I haven't looked into the specifics at all, but that's the idea. It
would be good to test that the delay is still executed on non-SPI
flash chips. I think `BUS_NONSPI` actually encompasses multiple buses,
so a simple equality test might not work. I would try something like
this:

/*
 * Work around chips which need some time to calm down.
 * Not needed for SPI flash chips because of the bus' strict timing.
 */
if (flash->chip->bustype != BUS_SPI)
        programmer_delay(flashctx, 1000*1000);

[The following is a textual representation of my thought processes;
it's not particularly necessary but I felt it could be interesting]

My idea is to maintain backwards compatibility while still enabling
new features and improvements.
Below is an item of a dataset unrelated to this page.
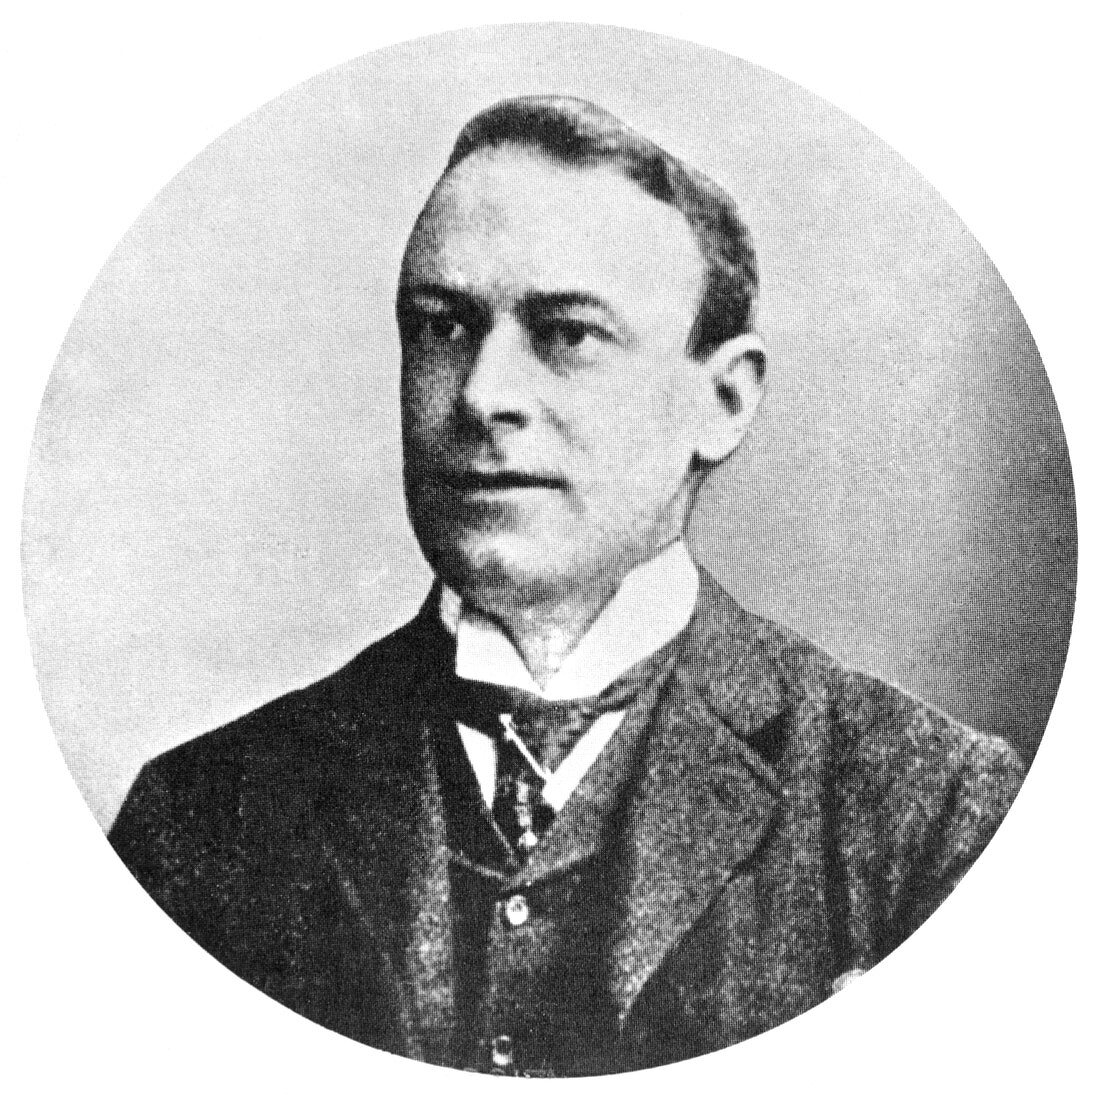 Thomas Andrews,chief designer of the Titanic

To do this, my very general approach is
to look for "cut-off points", i.e. some criteria to differentiate
between "preserve existing behaviour to avoid regressions" and "add
new features and/or make existing stuff better", seeking to maximise
the extent of the improvements (e.g. improving SPI support in general
instead of artificially restricting the improvements to a few
chips/programmers) while also trying to minimise the chance of
regressions (which can be fatal in the case of flashrom: some LPC/FWH
flash chips are TSOP32, externally reflashing them sounds very
not-fun). Analytically solving this is most likely impossible, but for
specific cases it's possible to find a reasonably acceptable ("good
enough") balance with the usual problem-solving tools: reason (e.g.
check against specifications, test things, etc.), intuition (useful as
a heuristic to get "directions" to explore further), and communication
(e.g. this very mailing list thread).

In this case (removing the delay in the verify path), my thoughts were
(not necessarily in order):
- I feel this delay was introduced for a good reason (even though I
have no idea what the reason is), so removing it will probably break
something.
- But do we have to remove the delay for *everything*, or can we
conditionally skip it in some circumstances? This isn't a strict
yes/no scenario.
- Looks like the messages proposing this change pretty much only talk
about flashing SPI chips, maybe this delay relates to the bus somehow.
Plus, the delay was introduced a long time ago.
- The SPI bus has very strict timing requirements (emulating SPI flash
isn't easy). However, Non-SPI flash chips don't have the same
requirements (older laptop ECs used SPI flash chips, but exposed the
flash contents to the chipset over LPC).
- It's likely this delay isn't needed for SPI because of all of this,
so let's consider skipping the delay for SPI. It's what most (but not
all) people use these flashrom for these days.
- Even if some non-SPI chips don't need the delay, it's much harder to
test this. Plus, keeping the delay in there for non-SPI won't hurt.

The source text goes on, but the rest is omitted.